For incarcerated people, the change will mean a coordinated effort to arrange mental health, education, job training and substance abuse treatment services on Day 1 of their sentence. And that there are people who implement and support those plans.
Although that seems simple, that is not happening now. People are largely left to their own devices to navigate an opaque and inefficient system that is so archaic
That
some of it isn’t even automated. Waiting lists are long and information can be difficult to obtain.
If the ideas outlined in the plan survive upcoming budget negotiations (in a year with a large and unexpected deficit), it will mark a culture change at the most notorious prison in the nation’s second-largest state prison system (Texas is the only state with a larger inmate population).
While bringing California’s model from paper to practice will take years, the San Quentin proposal has the potential to be the largest and most meaningful criminal justice reform in decades if we do it right, which Of course, there is always a question as to when it will come to the government.
But it’s a major shift with the potential for real payoff, not the knee-jerk anger and fear of proposals like scrapping Proposition 47, which will only repeat the mistakes of the past.

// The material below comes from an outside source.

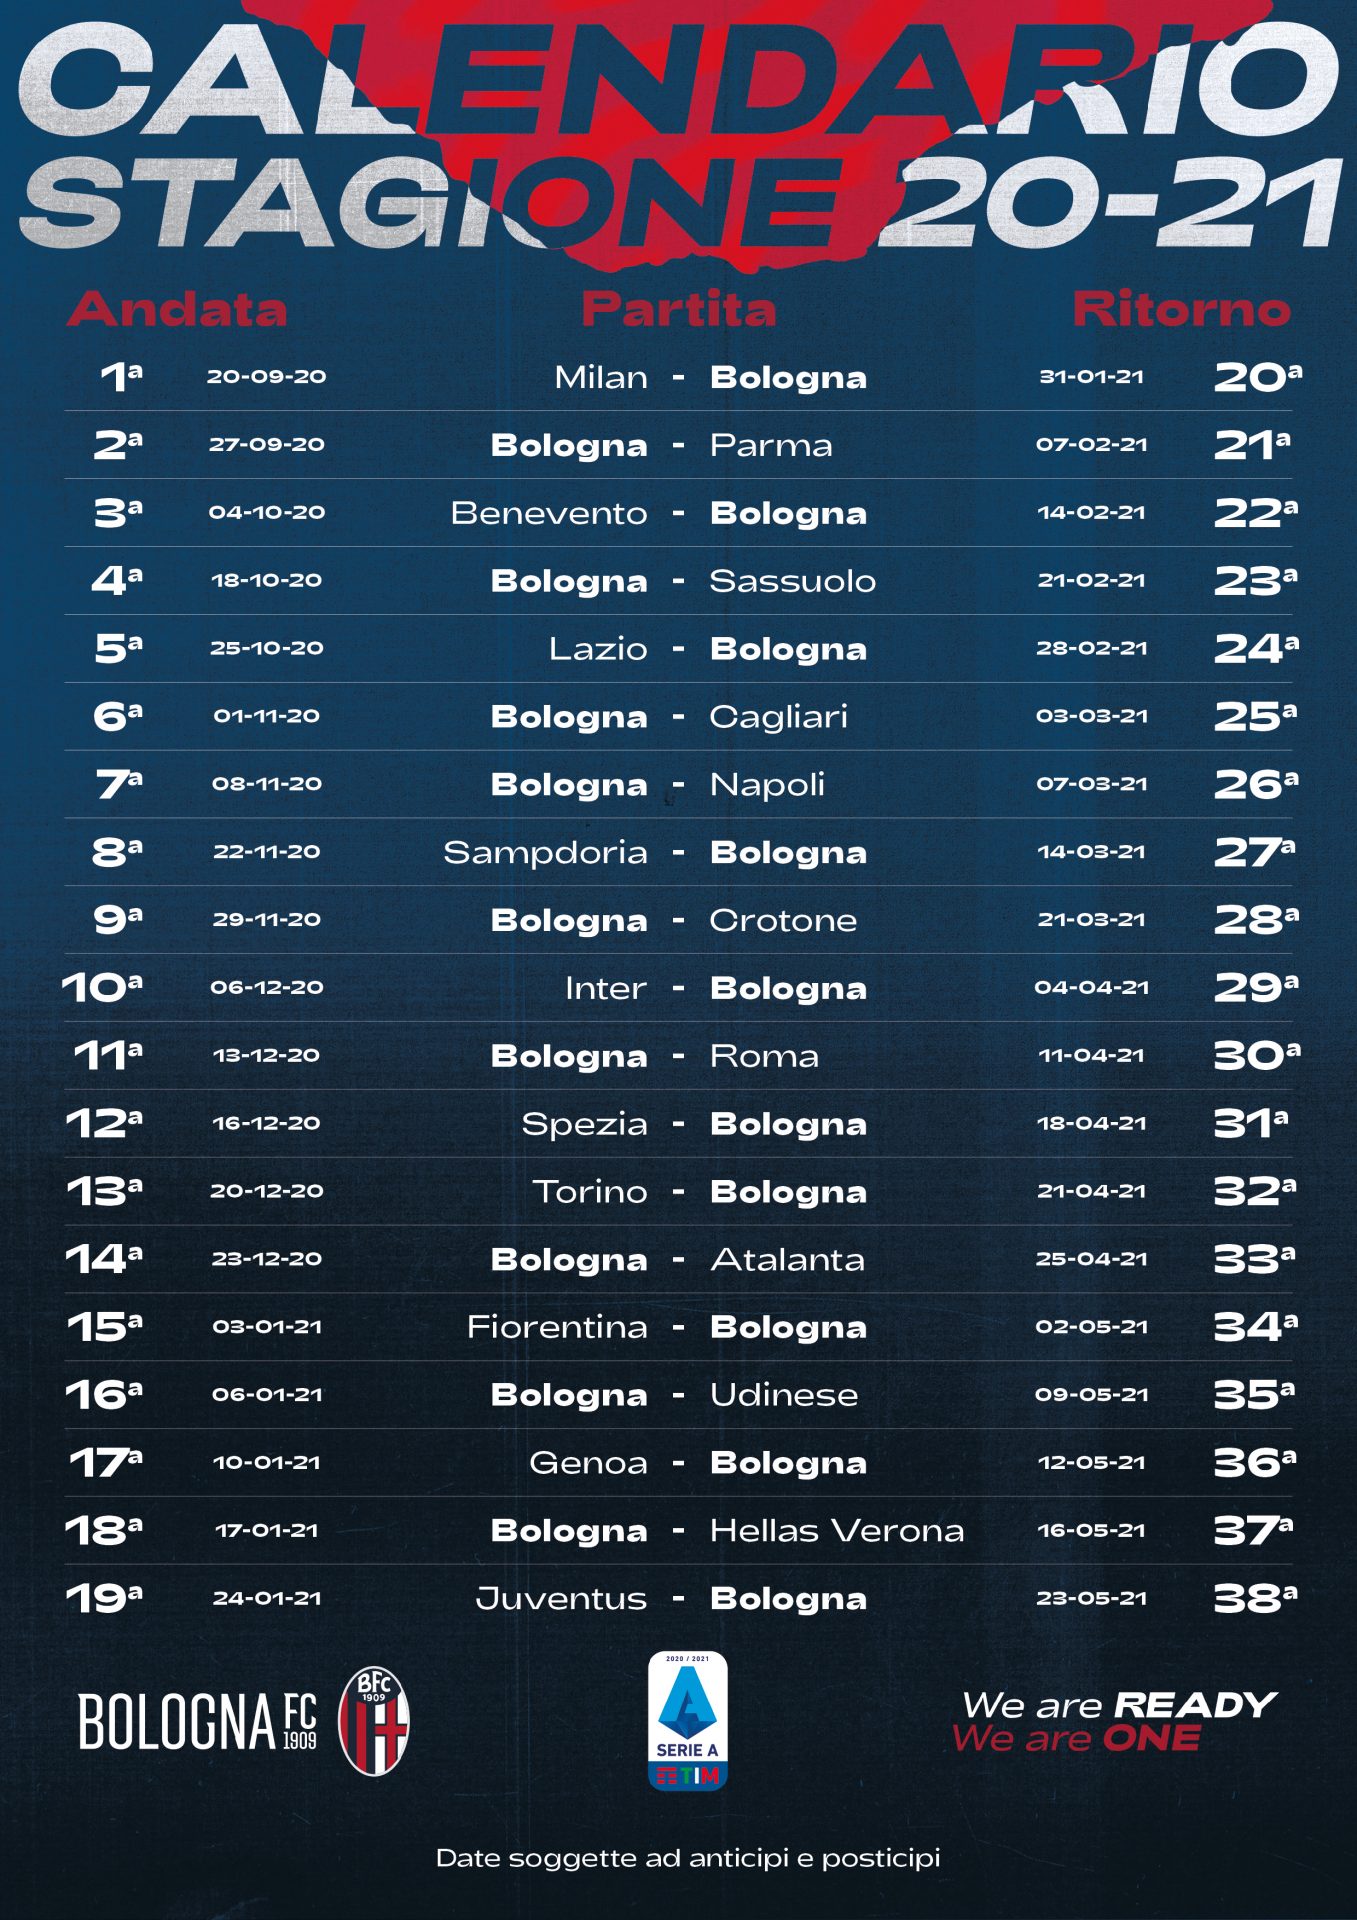 Our Serie A schedule for 2020/21 | BolognaFC

There will always be predators and there will always be crime. And admittedly, it all sounds touchy and vague, like we’re about to spend a ton of money holding the hands of criminals while they talk about their youth and get their degrees.
And to be honest, that’s part of it, something we shouldn’t ignore.
At its core, the California model is about dignity and compassion, creating policy around the belief that healing is not just for the innocent, and that healing is not gentle.
Fixing people, especially those who are so broken that they can hurt others, is the most difficult task.
But it can be done.
And if California turns San Quentin into a place where that happens, we will all be safer.
Fernando Dowling is an author and political journalist who writes for 24 News Globe. He has a deep understanding of the political landscape and a passion for analyzing the latest political trends and news.